DATA BELOW:

────────

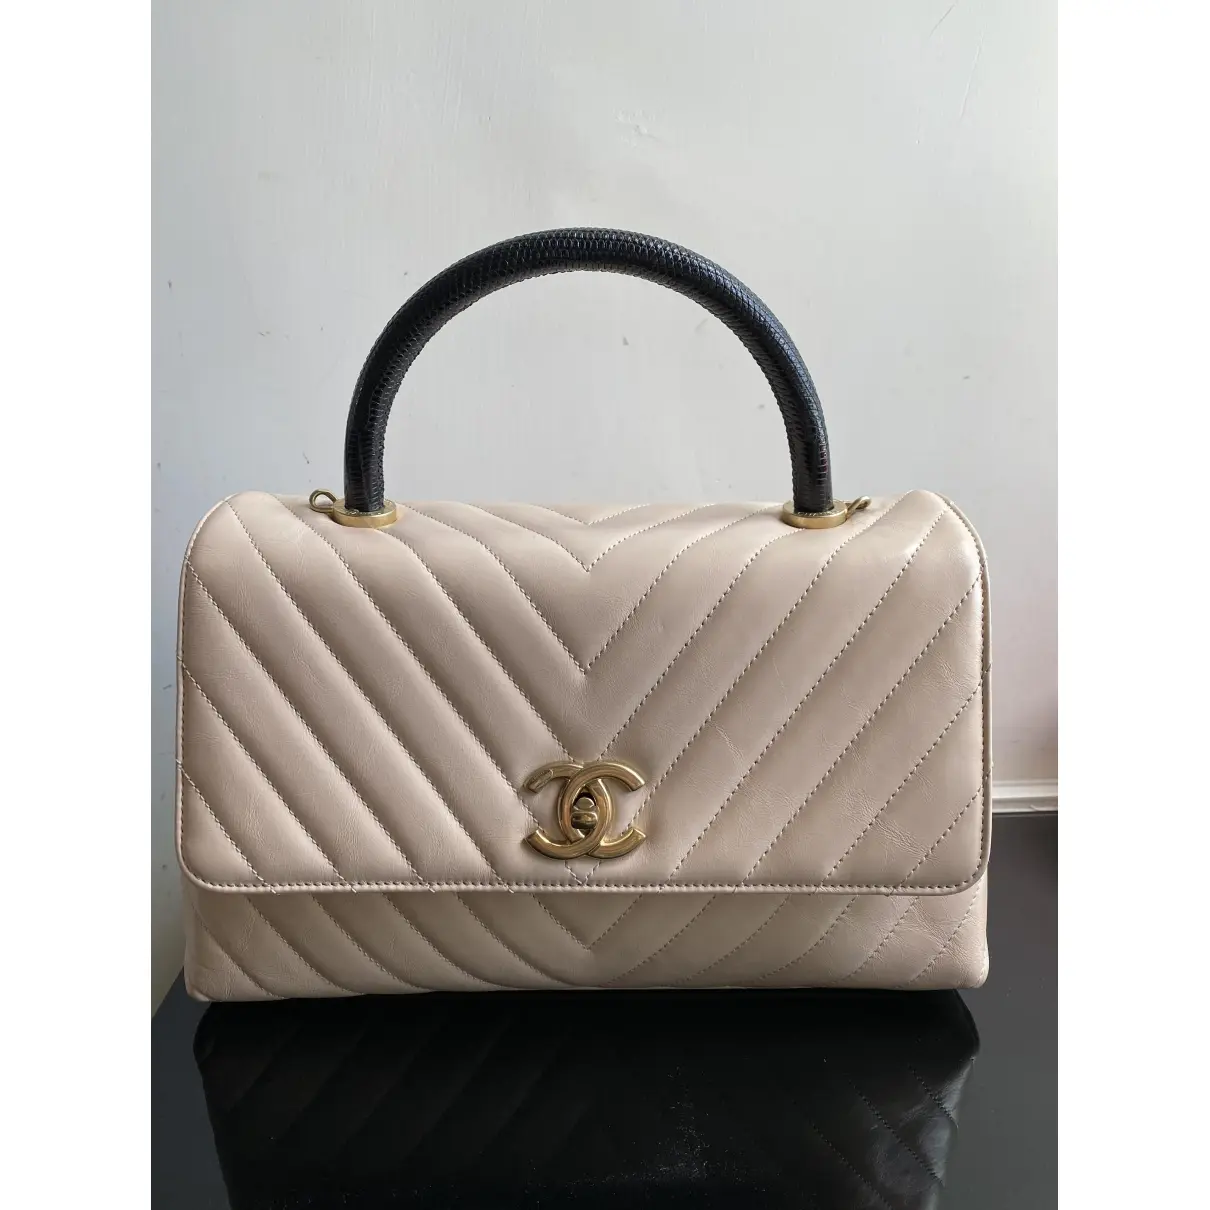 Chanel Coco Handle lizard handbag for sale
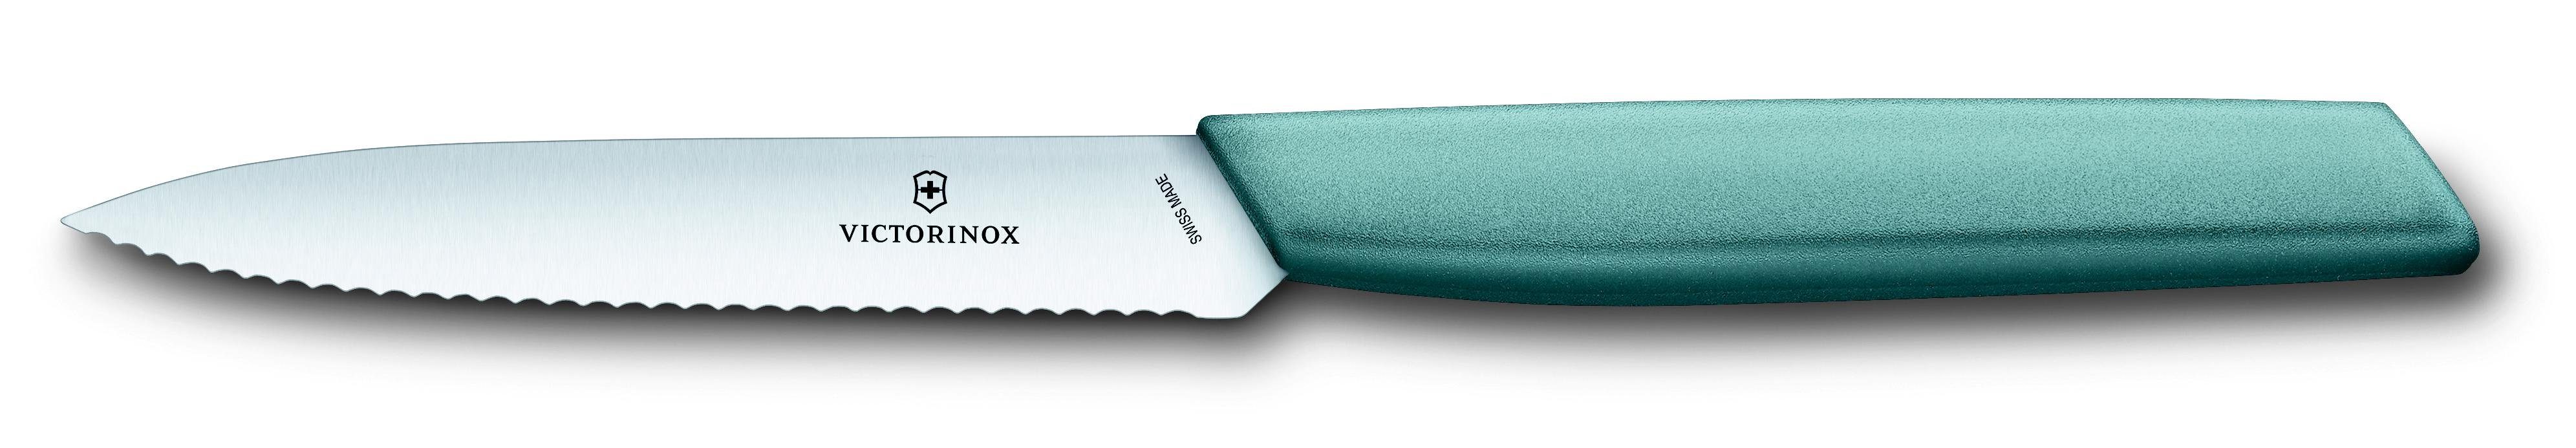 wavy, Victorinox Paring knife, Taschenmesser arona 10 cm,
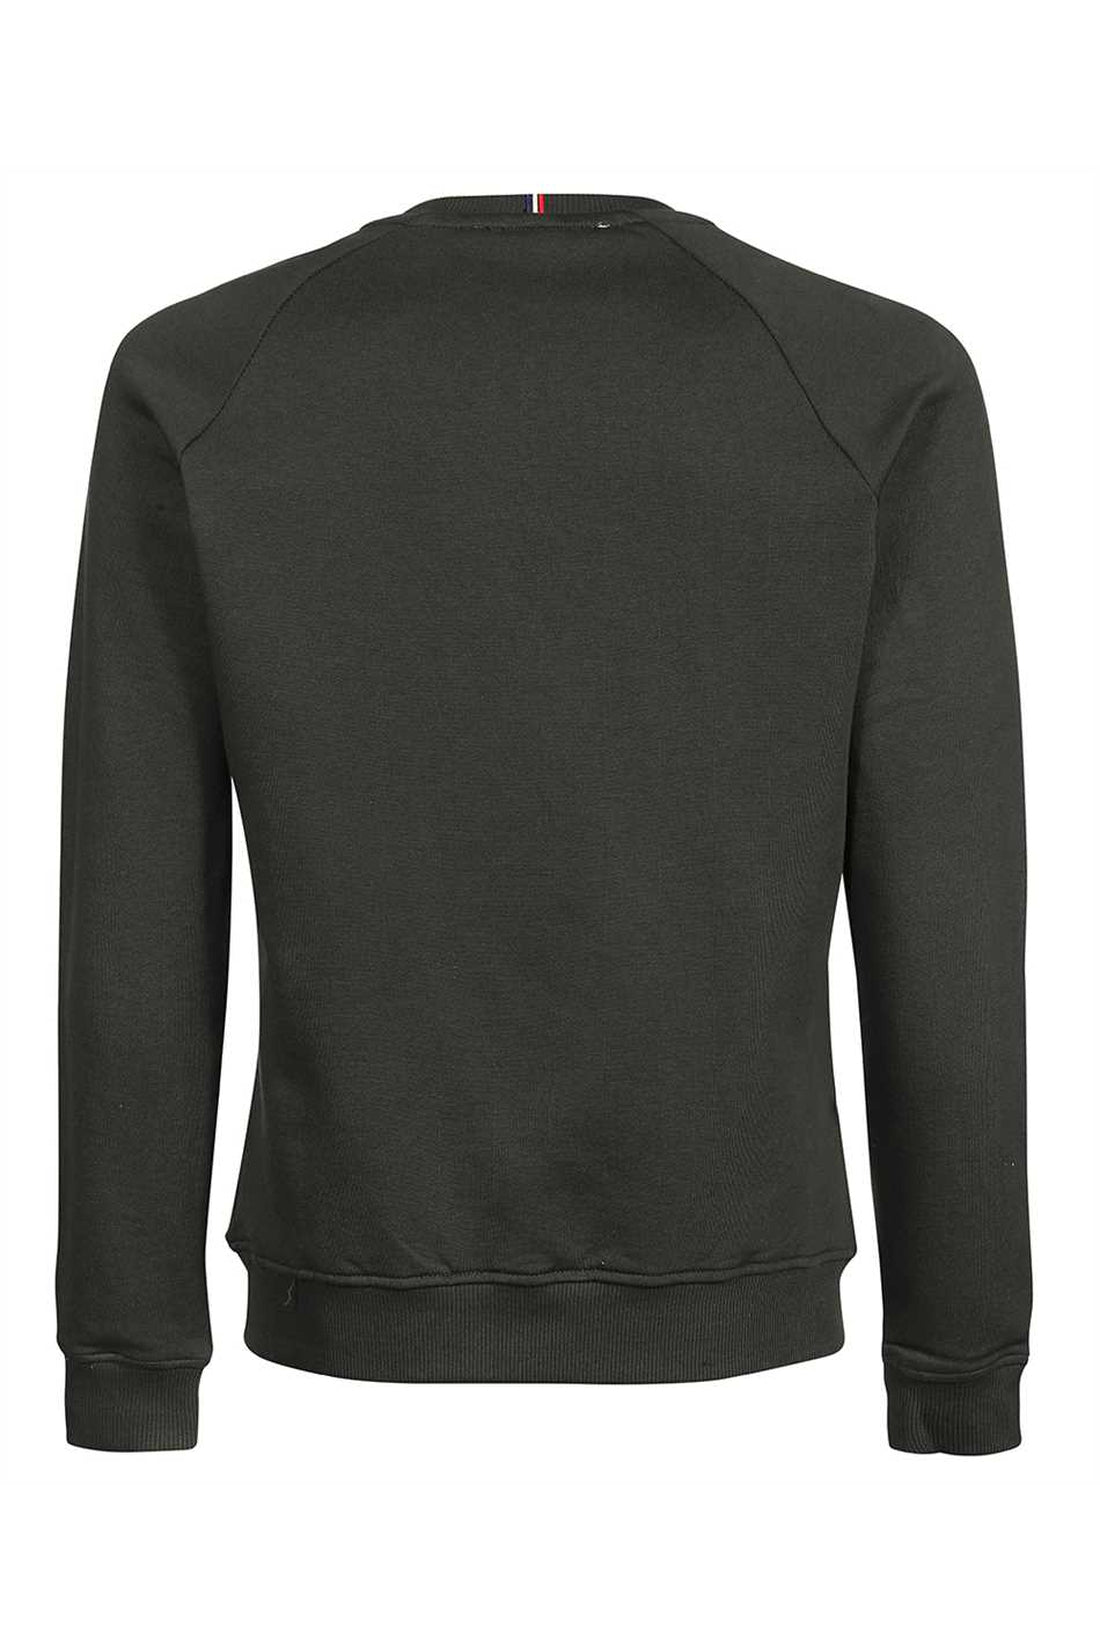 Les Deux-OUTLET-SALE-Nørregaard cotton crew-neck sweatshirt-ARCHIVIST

────────

WHAT YOU WILL DO:
Nothing but an exact copy of the data, without pictures, should be returned.

RESULT:
 Chanel Coco Handle lizard handbag for sale
 wavy, Victorinox Paring knife, Taschenmesser arona 10 cm,
 Les Deux-OUTLET-SALE-Nørregaard cotton crew-neck sweatshirt-ARCHIVIST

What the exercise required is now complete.